Почему же Толстой воспользовался псевдомифом, а не научным сочинением? Да потому что художнику не было нужды доказывать существование Атлантиды, сочиненный же оккультистами миф красив и поэтичен. Создатели мифа обладали незаурядным беллетристическим дарованием да и черпали свою «атлантологию» из индийского эпоса и других народно-поэтических произведений высокой художественной ценности. «Аэлита» примыкает к поэтической традиции, уходящей в глубину тысячелетий.

2

В «Графе Калиостро» Толстой посмеялся над теософской мистикой. В «Аэлите» разглядел содержавшийся в теософском псевдомифе глухой намек на социальное неравенство в царстве атлантов. Своим колдовством Калиостро порабощает женскую душу. Тускуб силой «древней чертовщины» подавляет волю к жизни своей дочери Аэлиты. Если черная магия Калиостро бессильна против любви и в конце концов смешна, то бесчеловечно холодная рассудочность Тускуба страшновата. Калиостро — нечистая сила из сказки, за Тускубом угадываются безжалостные социальные силы.

В этом наследнике рафинированного интеллекта атлантов-магацитлов Толстой как бы довел до логического завершения просвещенный технократизм, которому Уэллс и Богданов поручали в своих фантастических романах прогрессивную миссию. Мудрецом Тускубом руководит не жажда наживы или иная низменная страсть. Он желает «всего лишь» власти — безраздельной, и прежде всего над умами и душами. Он не хочет обновлять угасающее марсианское человечество (мотив, близкий брюсовской «Земле») не потому, что это невозможно — кипучая кровь атлантов однажды уже влила жизнь в оранжевых обитателей Тумы. Но возрождение грозит поколебать его власть и разрушить его философию, его «эстетику» пышного заката (журнальная публикация «Аэлиты» называлась «Закат Марса») — вот в чем мораль его деспотизма. Жажда жить, проснувшаяся в шахтах и подземных заводах, говорит Тускуб, — всего лишь темный инстинкт продления рода, «красная тьма», враждебная высшему духу и потому кощунственная.

Философией Тускуба Толстой откликнулся на волновавшую мировую общественность проблему буржуазной цивилизации (Г. Уэллс, И. Эренбург). Ее конец некоторые западные писатели (О. Шпенглер) отождествляли с закатом человечества. В эмиграции Толстой остро ощутил пессимизм послевоенной Европы — «уныние опустошенных душ» (10, 41). Фатализм Тускуба сконцентрировал мироощущение общества, охваченного чувством обреченности.

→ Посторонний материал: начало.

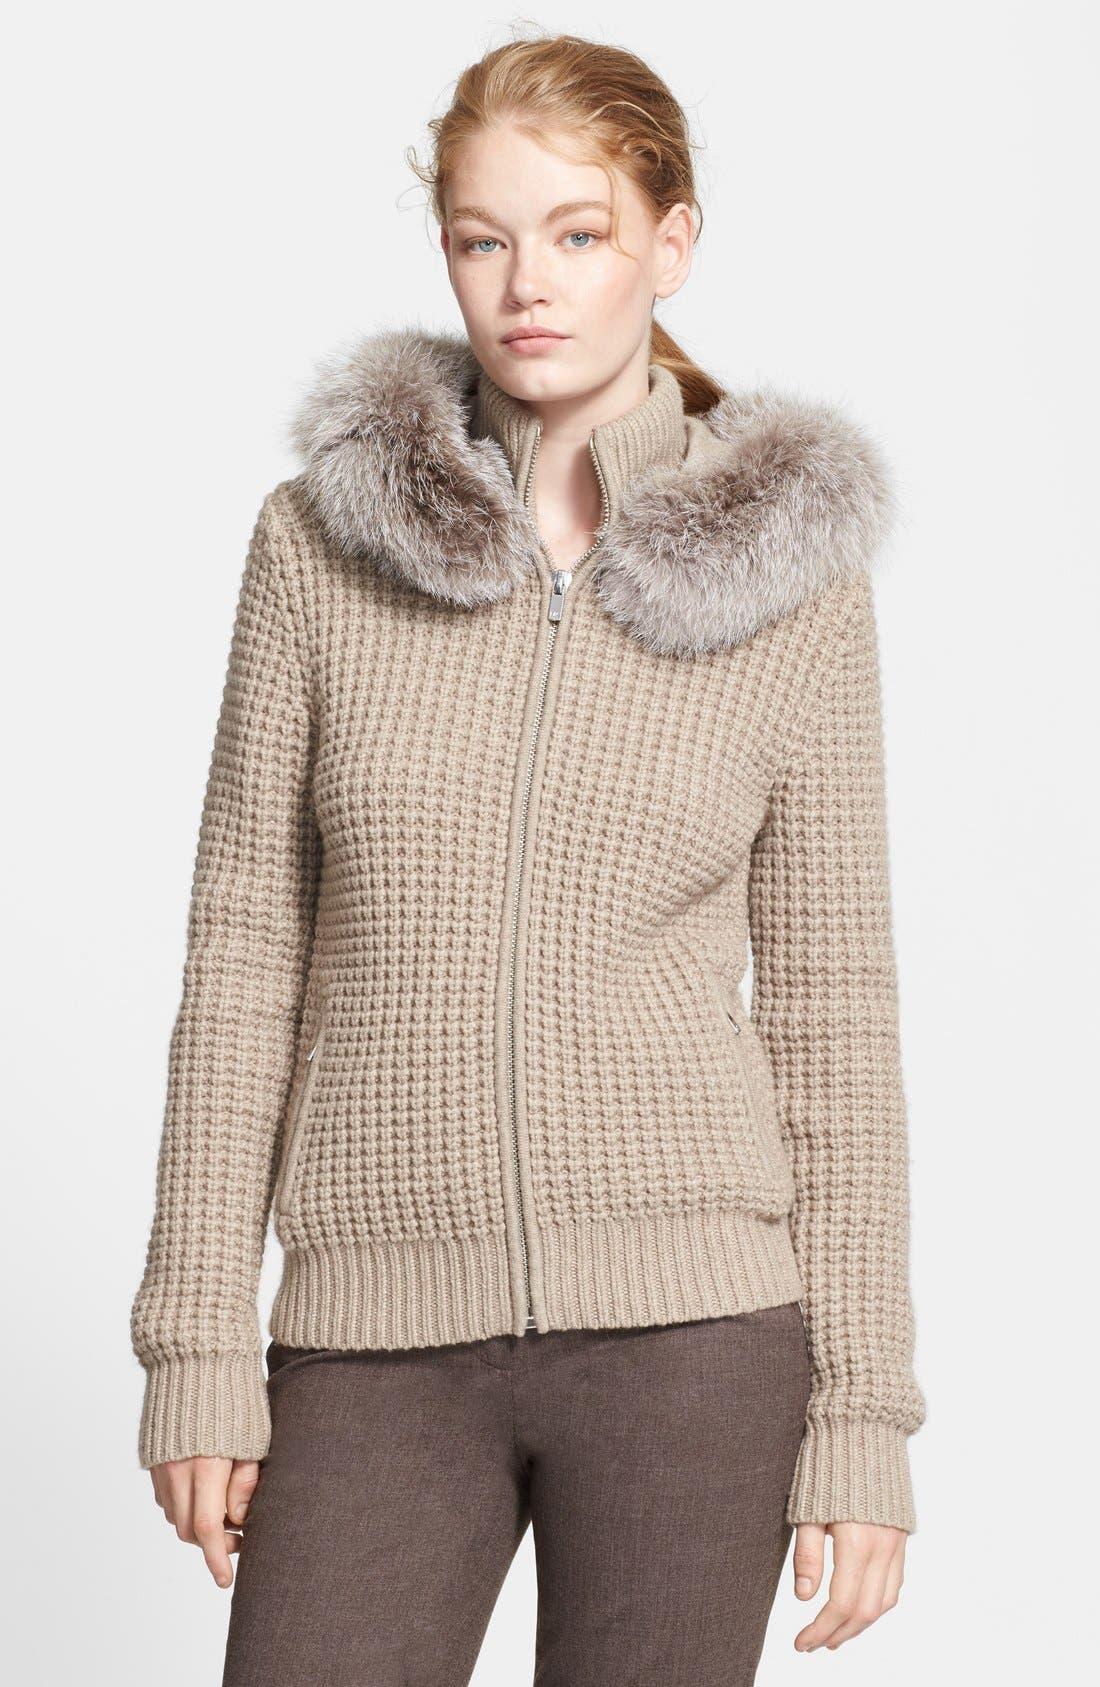 Alternate Image 1 Selected - Michael Kors Zip Front Cashmere Hoodie with Genuine Fox Fur Trim

С деспотической цепкостью навязывает Тускуб человечеству свой собственный закат. Он почти искренен и по-своему прав, когда оправдывает философию заката двадцатитысячелетней цивилизацией угнетения: так жить в самом деле не стоит… Трудно отделаться от впечатления, что Алексей Толстой угадал самоубийственную психологию современного империализма, готового обречь человечество на истребление, лишь бы не допустить коммунизма.

Утопическая, философски-романтизированная, символическая фигура Тускуба, фанатика и аскета, ничем не напоминает Гарина из второго научно-фантастического романа А. Толстого «Гиперболоид инженера Гарина» (1925 — 1926) — эпикурейца и гениального авантюриста из белоэмигрантских кабаков. Но в одном они равны — в чудовищном властолюбии.

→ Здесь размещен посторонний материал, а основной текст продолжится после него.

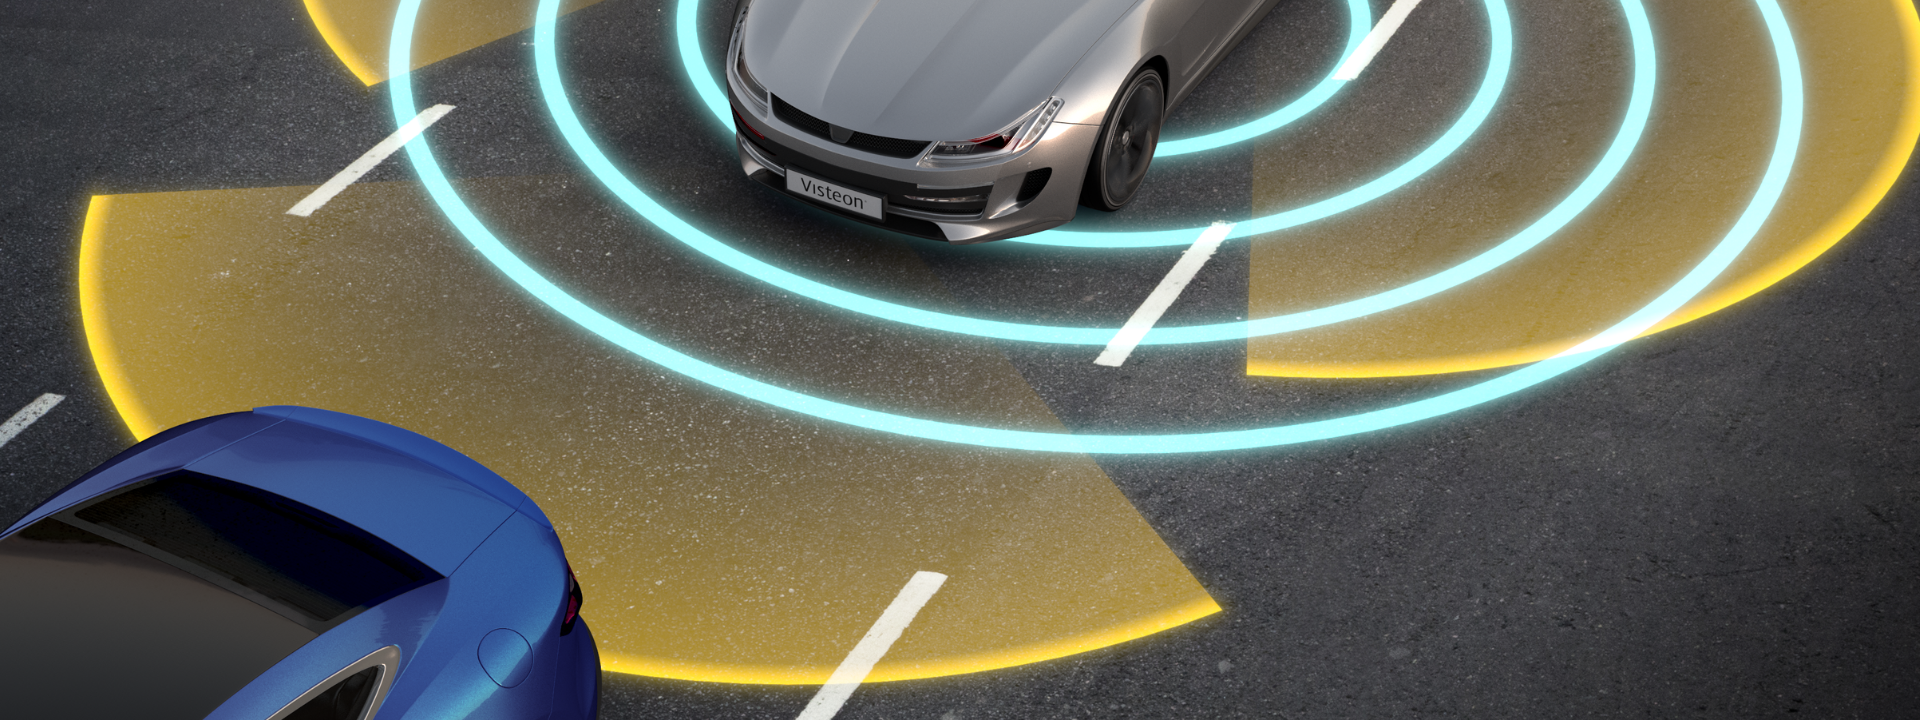 visteon-technology-header-image-car-sensing-surroundings-on-road

Алексею Толстому больше чем кому-либо удалось остро современно использовать фантастику для философско-психологического памфлета: в вымышленном марсианине, полностью сохраняя весь фантастический колорит, открыть злодейство глубоко земное, сегодняшнее, а в совершенно реалистическом Гарине дать властолюбие почти космическое, злодейство фантастическое. Тускуб, Гарин и люди их породы — Роллинг, Зоя Монроз — большая удача советской фантастической и приключенческой литературы.

Но, конечно, главная и лучшая фигура Толстого-фантаста — Гусев. Даже в пристрастно-несправедливой статье о первых советских годах Алексея Толстого Корней Чуковский не смог не признать, что ради Гусева затеян был роман, что это «образ широчайше обобщенный, доведенный до размеров национального типа… Миллионы рядовых делателей революции воплотились в этом одном человеке». Именно через Гусева Толстой понял революцию, увидел, что она народная и — что для него было особенно важно — национальная. Гусев пока еще не поставлен в связь с эволюцией писателя от эмигрантской редакции «Сестер» — к «Восемнадцатому году».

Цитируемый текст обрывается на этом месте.